There are 3 datasets for each environment.
- Demos uses the 25 human demonstrations provided in the DAPG repository.
- Cloned uses a 50-50 split between demonstration data and 2500 trajectories sampled from a behavioral cloned policy on the demonstrations. The demonstration trajectories are copied to match the number of behavioral cloned trajectories.
- Expert uses 5000 trajectories sampled from an expert that solves the task, provided in the DAPG repository.
Task name |
---|
halfcheetah-random-v0 |
halfcheetah-medium-v0 |
halfcheetah-expert-v0 |
halfcheetah-mixed-v0 |
halfcheetah-medium-expert-v0 |
walker2d-random-v0 |
walker2d-medium-v0 |
walker2d-expert-v0 |
walker2d-mixed-v0 |
walker2d-medium-expert-v0 |
hopper-random-v0 |
hopper-medium-v0 |
hopper-expert-v0 |
hopper-mixed-v0 |
hopper-medium-expert-v0 |
- Random uses 1M samples from a randomly initialized policy.
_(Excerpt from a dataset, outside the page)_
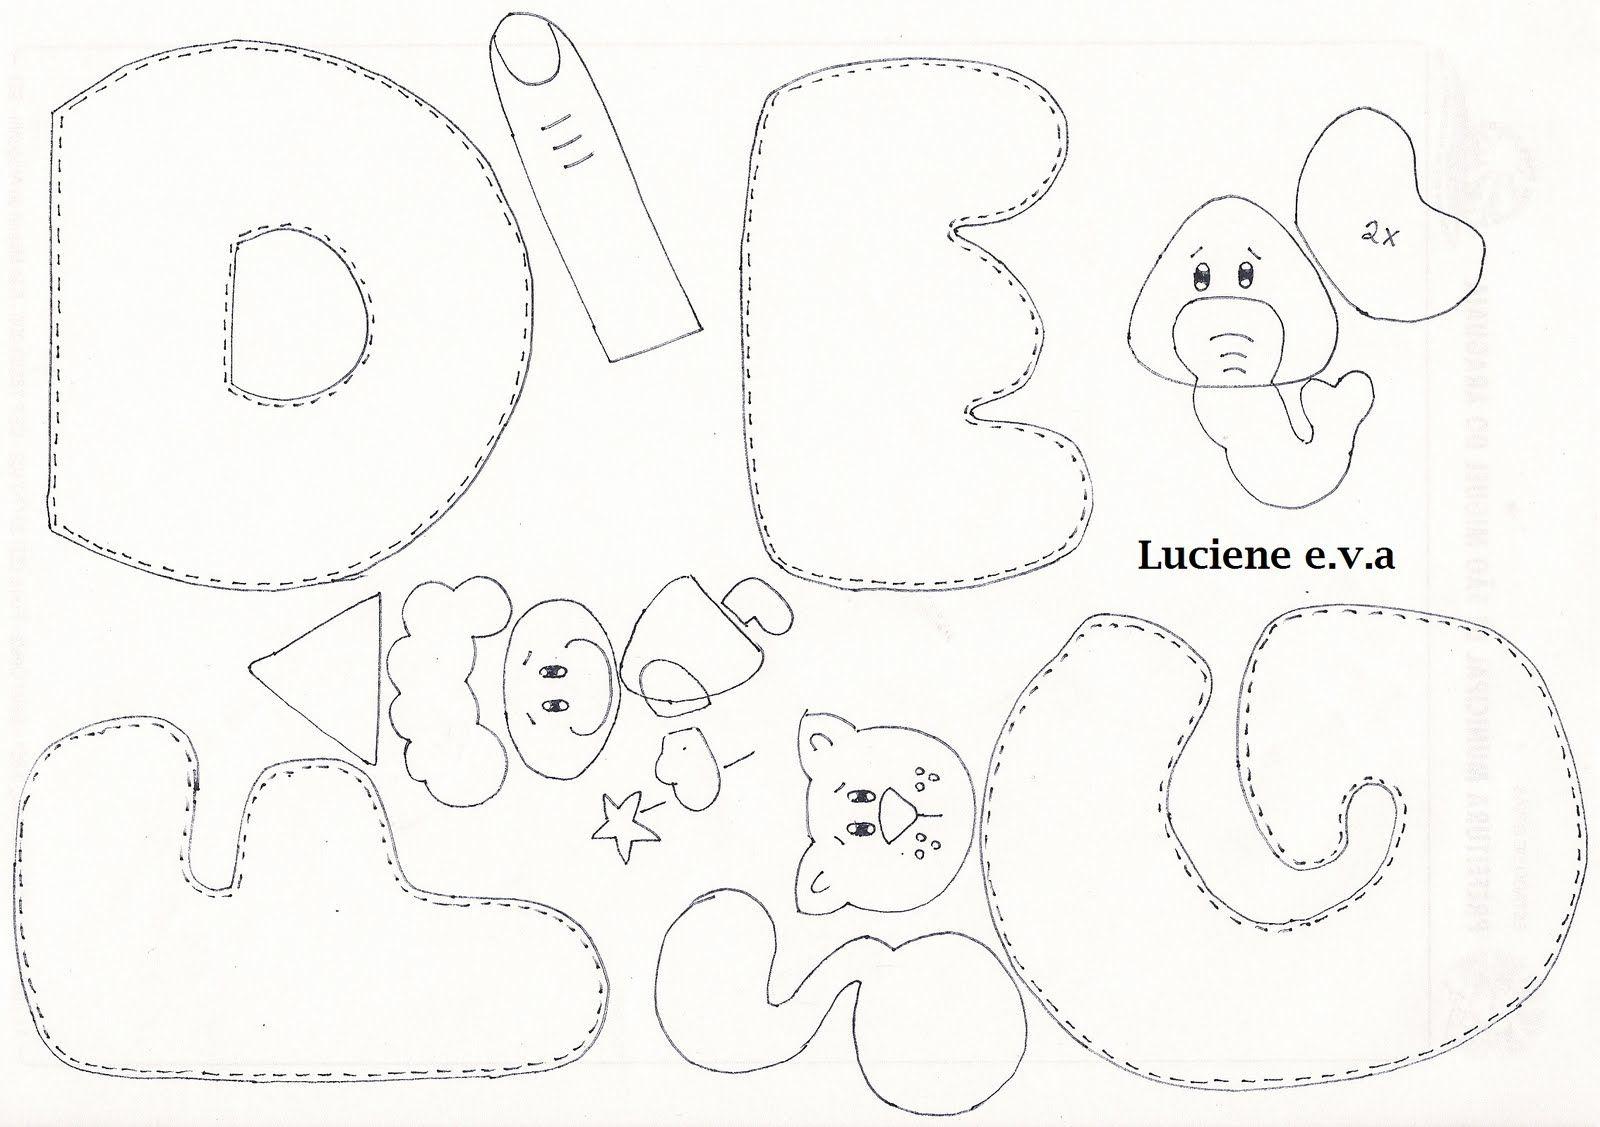 Luciene e.v.a: alfabeto ilustrado

- Expert uses 1M samples from a policy trained to completion with SAC.
- Medium uses 1M samples from a policy trained to approximately 1/3 the performance of the expert.
- Mixed uses the replay buffer of a policy trained up to the performance of the medium agent.
- Medium-Expert uses a 50-50 split of medium and expert data.